Dans une cité désorganisée où le père craint ses enfants et le maitre ses disciples, où l’esclave s’arroge tous les droits, les magistrats ne jouissent d’aucune autorité et les lois restent lettre morte.
Pour tenir en échec ceux qu’elle nomme ses ennemis, à qui elle confère un pouvoir proportionné aux espérances qu’elle fonde sur lui, croyant ainsi accroitre sa propre force, elle accroît en réalité, sans mesure, celle de l’homme qui deviendra son maître. D’abord le protecteur obtient une garde pour sa personne qu’il prétend menacée. Ensuite, il traîne devant les tribunaux et fait condamner les citoyens qu’il juge capables d’entraver l’exécution de ses desseins. Au besoin même, il n’hésite pas à répandre et à goûter d’une bouche et d’une langue impies le sang de sa race; il tue, exile tout en faisant miroiter aux yeux de la multitude l’abolition prochaine des dettes et le partage des terres. Qu’il aspire ou non à en subir la loi, il entre alors dans le cercle de son nouveau destin, il doit ou bien périr de la main de ses adversaires ou bien se faire tyran, et d’homme devenir loup.

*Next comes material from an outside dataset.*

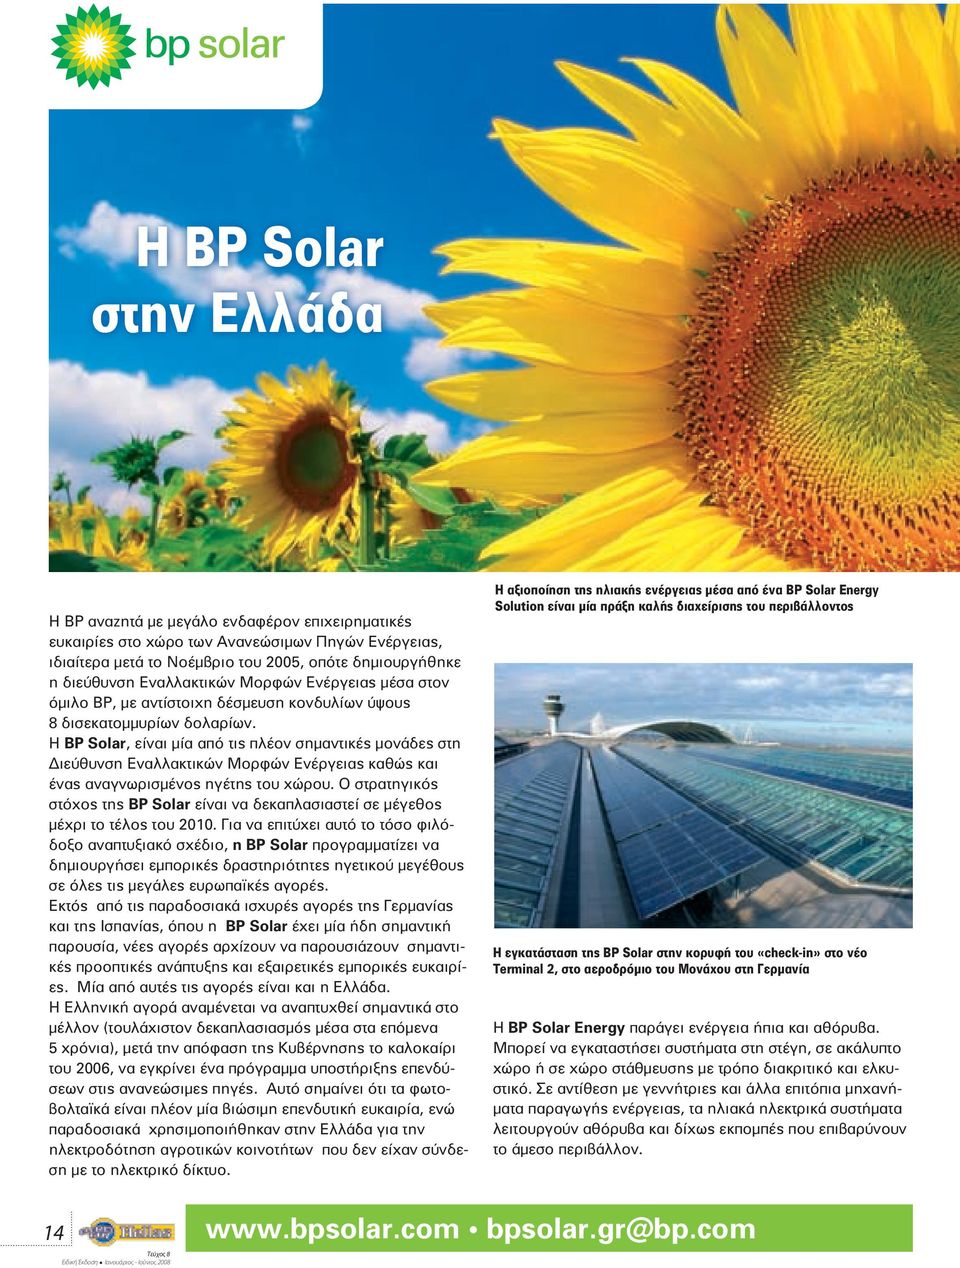 Η BP Solar, είναι μία από τις πλέον σημαντικές μονάδες στη Διεύθυνση Εναλλακτικών Μορφών Ενέργειας καθώς και ένας αναγνωρισμένος ηγέτης του χώρου.

Comme le rôle de la victime est le dernier qui lui convienne, il renverse de nouveaux rivaux, monte sur le char de la Cité et se révèle despote accompli. Au début cependant, désireux de plaire, il récompense ses partisans. Mais il est bientôt amené à surveiller les meilleurs d’entre eux et à chercher dans la guerre extérieure un dérivatif aux énergies qu’il sent dressées secrètement contre lui. S’il veut rester le maître, il est obligé de se défaire de tous les hommes de valeur que compte la Cité sans en excepter ses amis. A l’encontre du médecin qui purge le corps de ses éléments nuisibles, il purge l’Etat de ses citoyens les plus estimables. Puis il compose sa garde, de jour en jour plus nombreuse, de mercenaires étrangers et d’esclaves affranchis. Il a pour favoris des personnages sans aveu, bourdons qu’attire de toutes parts le faux éclat de sa fortune, car tel est désormais le dilemme qui se pose pour lui : vivre avec les méchants qui le flattent mais n’éprouvent au fond que de la haine à son égard, ou renoncer à la vie. Les poètes célèbrent les louanges de la tyrannie et vantent l’heur des tyrans”.

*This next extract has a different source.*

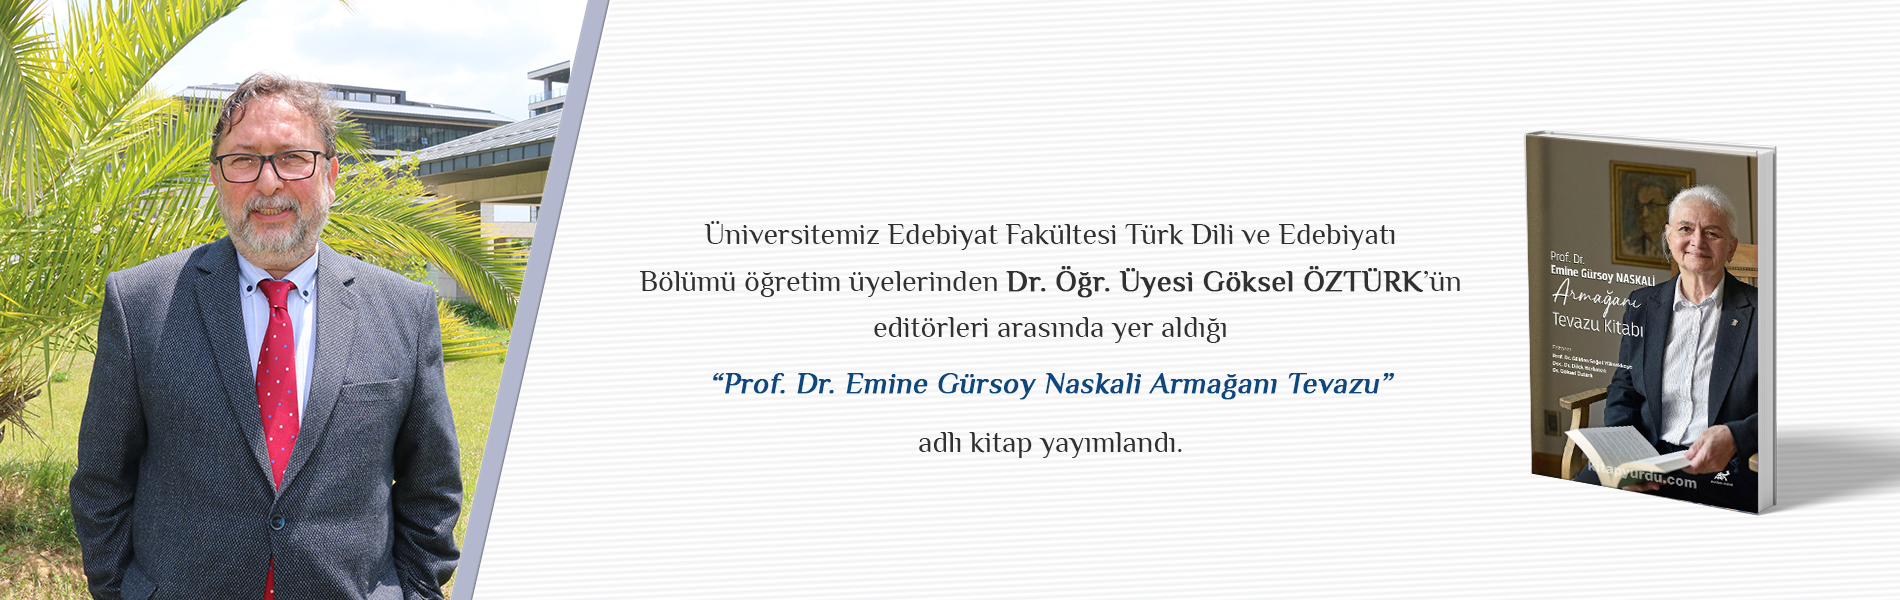 Dr. Öğr. Üyesi Göksel ÖZTÜRK’ün Editörleri Arasında Yer Aldığı "Prof. Dr. Emine Gürsoy Naskali Armağanı Tevazu" Adlı Kitap Yayımlandı

Si j’appelle Socrale, “mon voisin”, c’est parce qu’une brillante bachelière, section sciences, m’a demandé si Socrate vit encore à Tunis.

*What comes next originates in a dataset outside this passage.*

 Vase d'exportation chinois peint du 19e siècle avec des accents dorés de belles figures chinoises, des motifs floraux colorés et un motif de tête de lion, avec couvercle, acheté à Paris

Je dédie ces pages de la “République de Platon” à nos jeunes qui devraient les méditer, car leur avenir est en jeu, et leur destin doit être placé entre leurs mains. J’espère qu’ils auront la curiosité de lire tout l’ouvrage. Je n’ai fait que relever un extrait de la “Genèse des cités injustes”.
Quand j’entends autour de moi des pères parler des études mathématiques, scientifiques ou technologiques de leurs rejetons en gonflant les biceps et en rougissant d’orgueil , je ne comprends pas qu’ils ne s’inquiètent pas du fait qu’on n’y fait pas cas de l’éthique et de la connaissance.
Quand on voit la ruée des élèves vers les sections math-sciences et leur obsession pour la médecine, pharmacie, informatique, HEC, je me demande qui va s’occuper de la Cité, si les littéraires se considèrent ou sont considérés comme les détritus des intellectuels. Trouveriez-vous normal que les boucs gardent les gazelles?
Les Einstein manqués du Tiers Monde n’ont-ils pas intérêt à s’abreuver de philosophie, de sciences sociales, de connaissances historiques et géographiques? Tant il est vrai que science sans conscience n’est que ruine de l’âme, et de la Cité.